Exercise
For the records below, output word for word the lines from the one with "35 The T12 Layout" up to and including the one with "24K Gold Filled". No pictures.

Data for this exercise
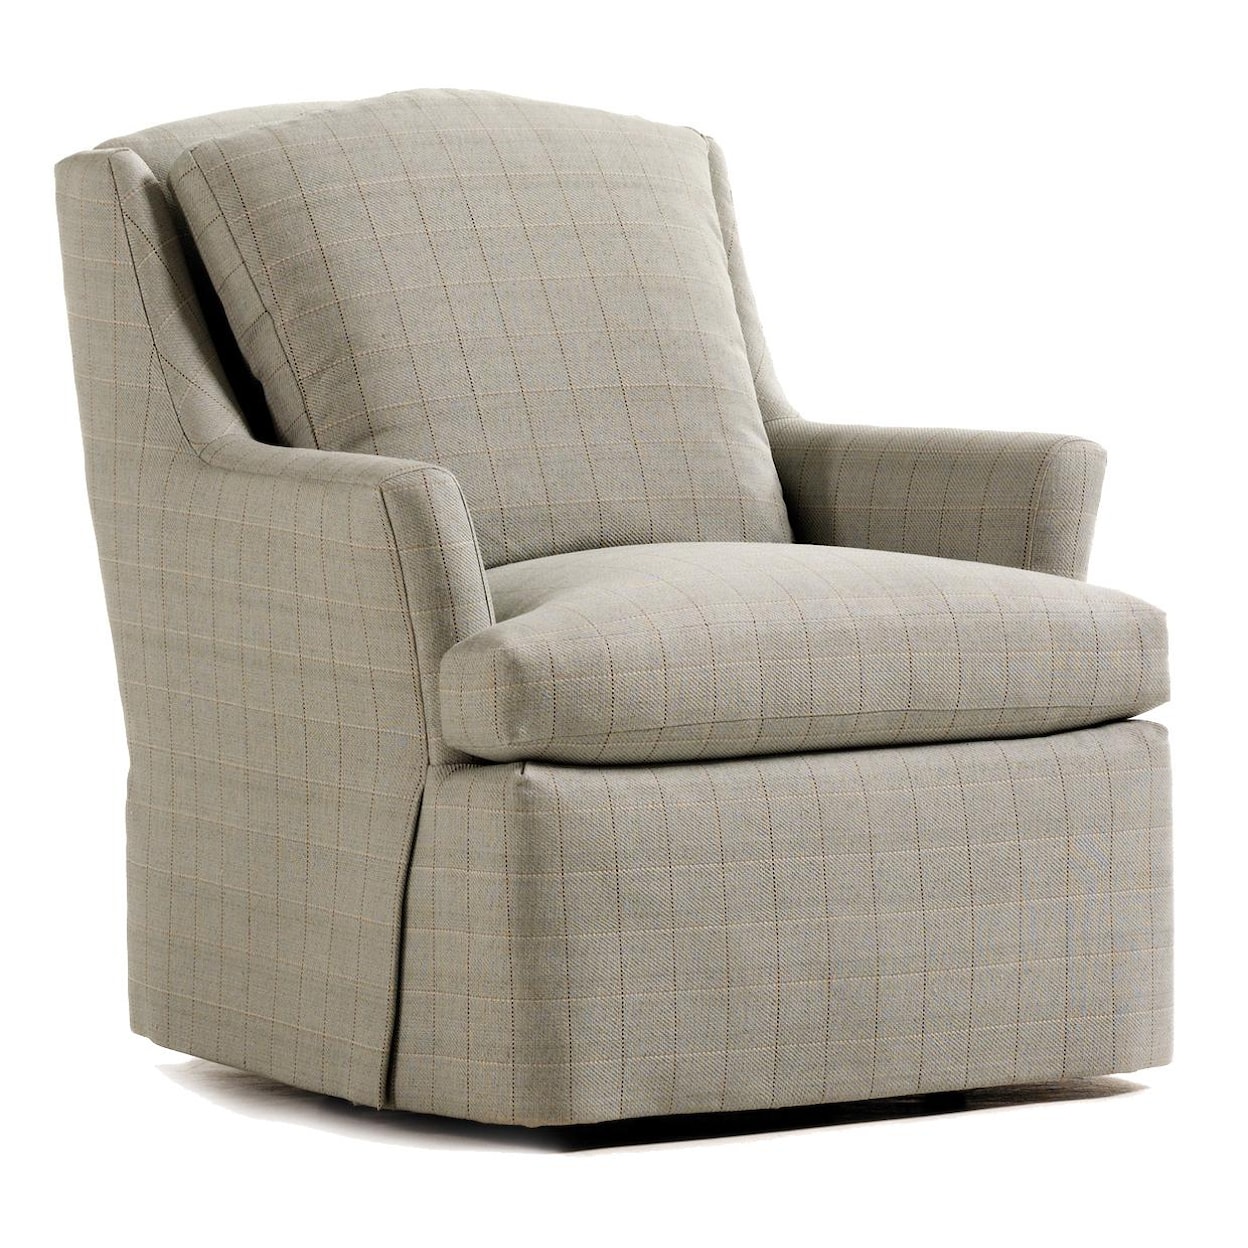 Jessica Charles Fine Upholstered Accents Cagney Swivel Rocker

...

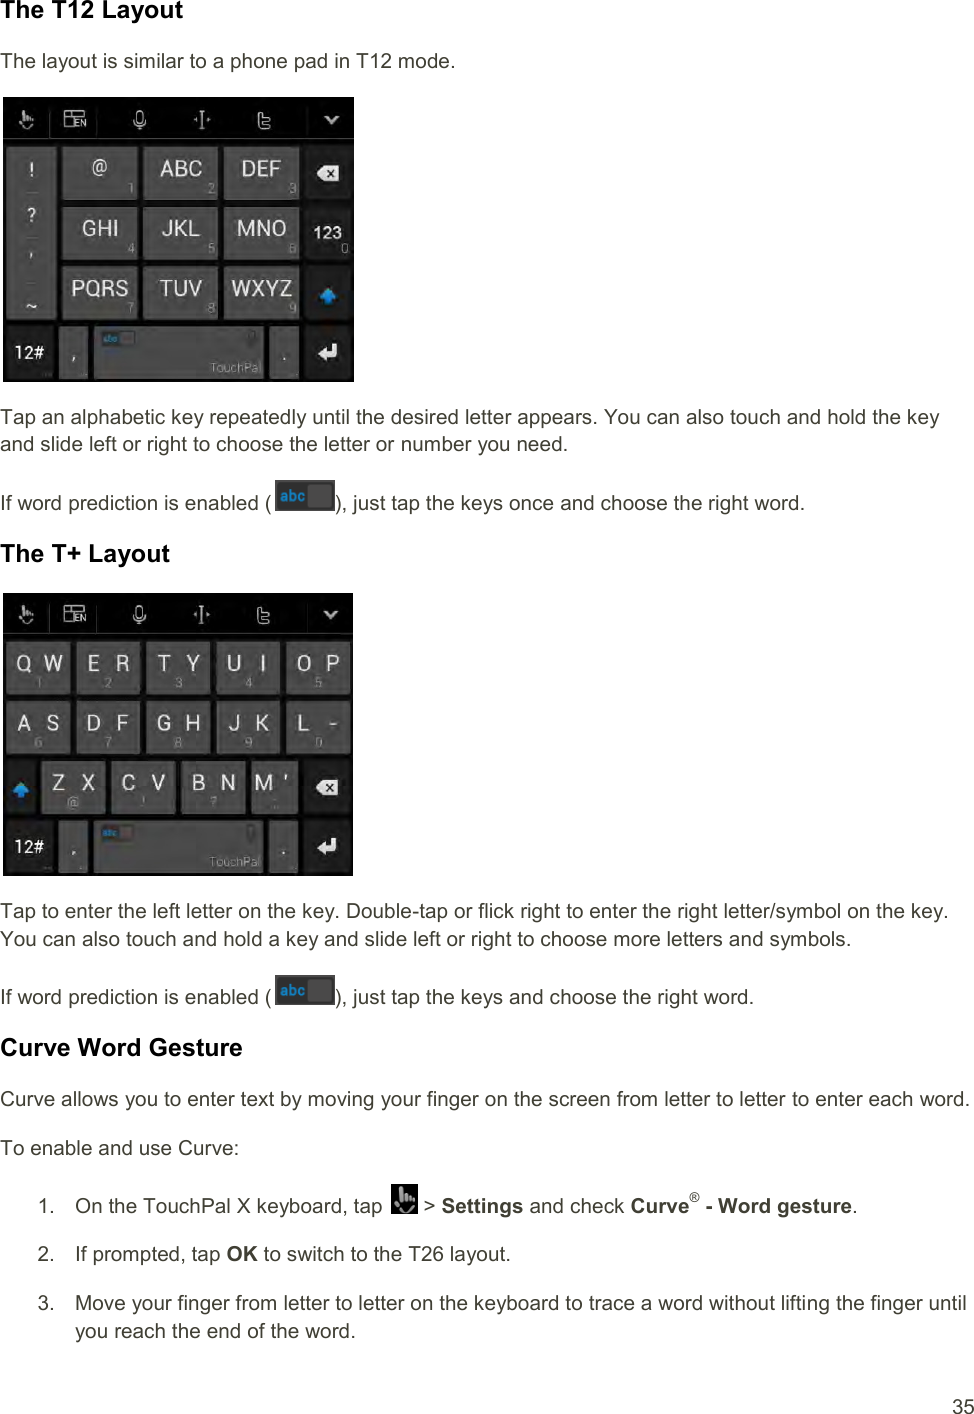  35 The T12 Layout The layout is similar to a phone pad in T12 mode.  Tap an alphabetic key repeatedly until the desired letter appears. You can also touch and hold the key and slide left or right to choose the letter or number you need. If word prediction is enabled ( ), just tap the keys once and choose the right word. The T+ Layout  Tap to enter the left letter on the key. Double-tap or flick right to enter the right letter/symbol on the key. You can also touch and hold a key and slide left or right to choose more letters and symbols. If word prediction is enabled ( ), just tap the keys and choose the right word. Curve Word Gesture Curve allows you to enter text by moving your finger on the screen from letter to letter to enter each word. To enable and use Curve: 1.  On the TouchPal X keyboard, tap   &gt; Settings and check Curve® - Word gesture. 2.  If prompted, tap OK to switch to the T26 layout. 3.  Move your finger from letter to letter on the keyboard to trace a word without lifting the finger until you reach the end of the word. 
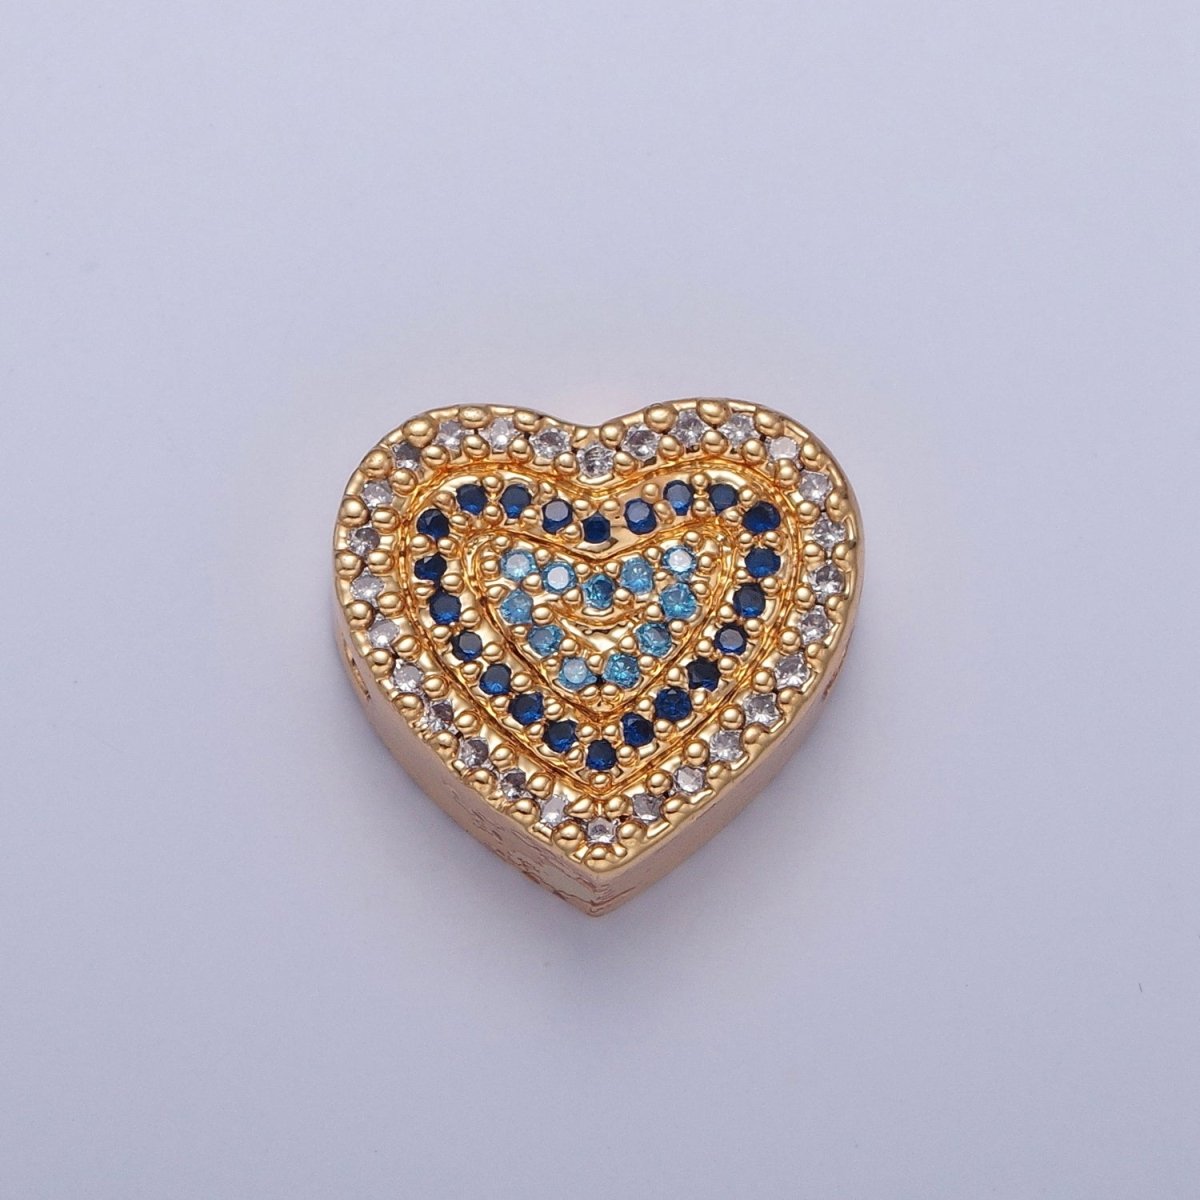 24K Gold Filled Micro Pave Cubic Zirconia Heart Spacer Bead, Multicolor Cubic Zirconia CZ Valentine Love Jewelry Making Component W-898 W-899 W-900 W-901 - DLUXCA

--

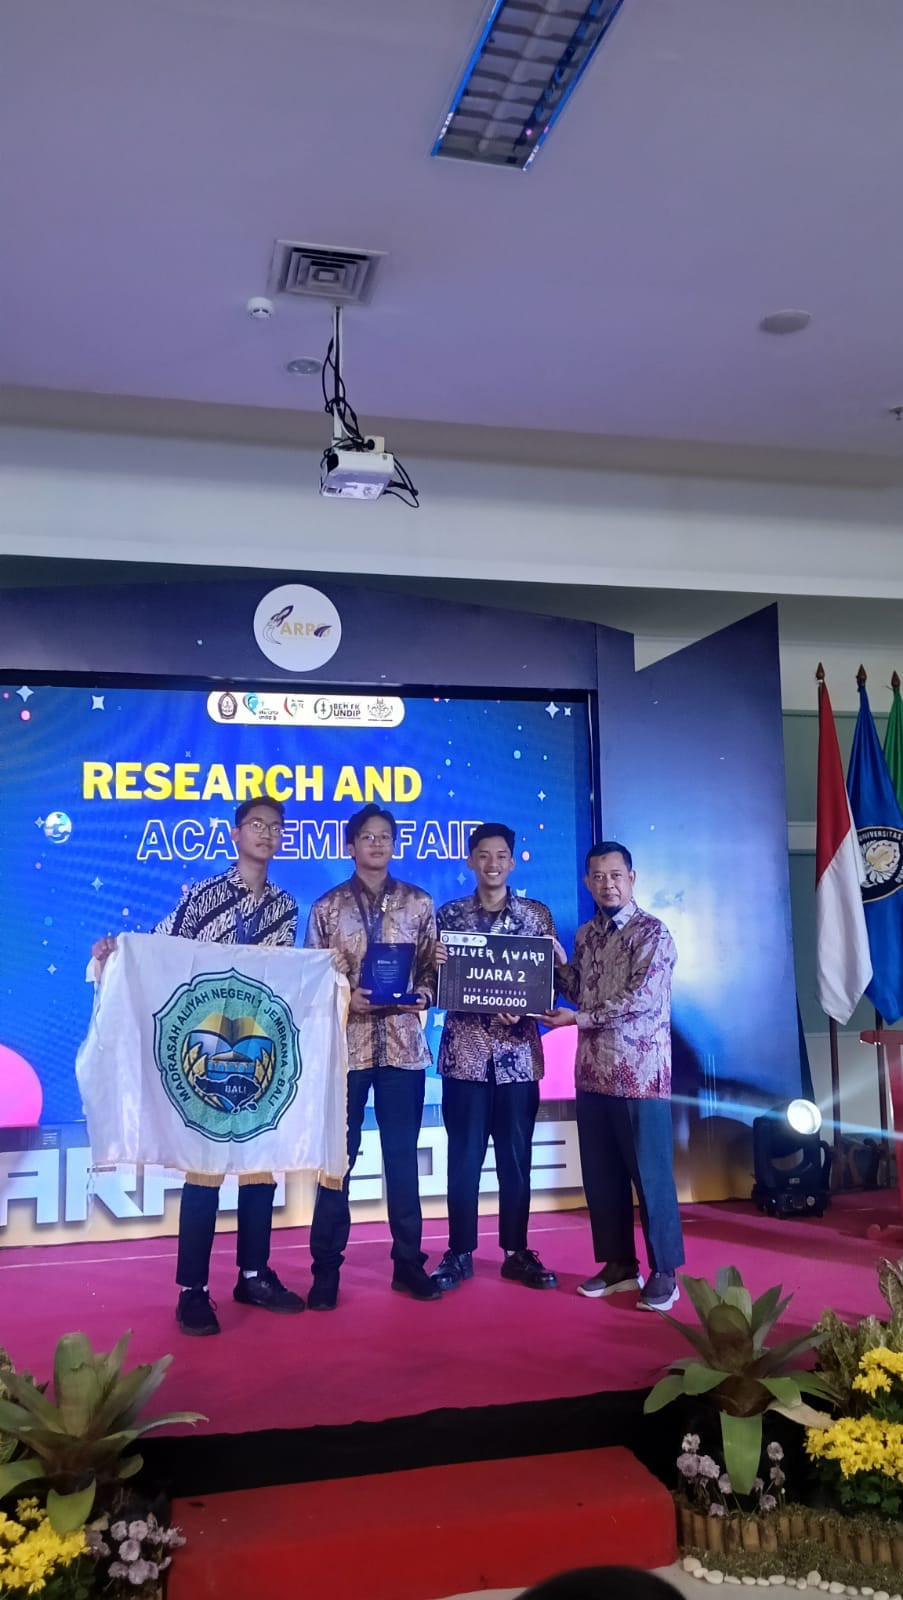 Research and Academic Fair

Answer to the problem
  35 The T12 Layout The layout is similar to a phone pad in T12 mode.  Tap an alphabetic key repeatedly until the desired letter appears. You can also touch and hold the key and slide left or right to choose the letter or number you need. If word prediction is enabled ( ), just tap the keys once and choose the right word. The T+ Layout  Tap to enter the left letter on the key. Double-tap or flick right to enter the right letter/symbol on the key. You can also touch and hold a key and slide left or right to choose more letters and symbols. If word prediction is enabled ( ), just tap the keys and choose the right word. Curve Word Gesture Curve allows you to enter text by moving your finger on the screen from letter to letter to enter each word. To enable and use Curve: 1.  On the TouchPal X keyboard, tap   &gt; Settings and check Curve® - Word gesture. 2.  If prompted, tap OK to switch to the T26 layout. 3.  Move your finger from letter to letter on the keyboard to trace a word without lifting the finger until you reach the end of the word. 
 24K Gold Filled Micro Pave Cubic Zirconia Heart Spacer Bead, Multicolor Cubic Zirconia CZ Valentine Love Jewelry Making Component W-898 W-899 W-900 W-901 - DLUXCA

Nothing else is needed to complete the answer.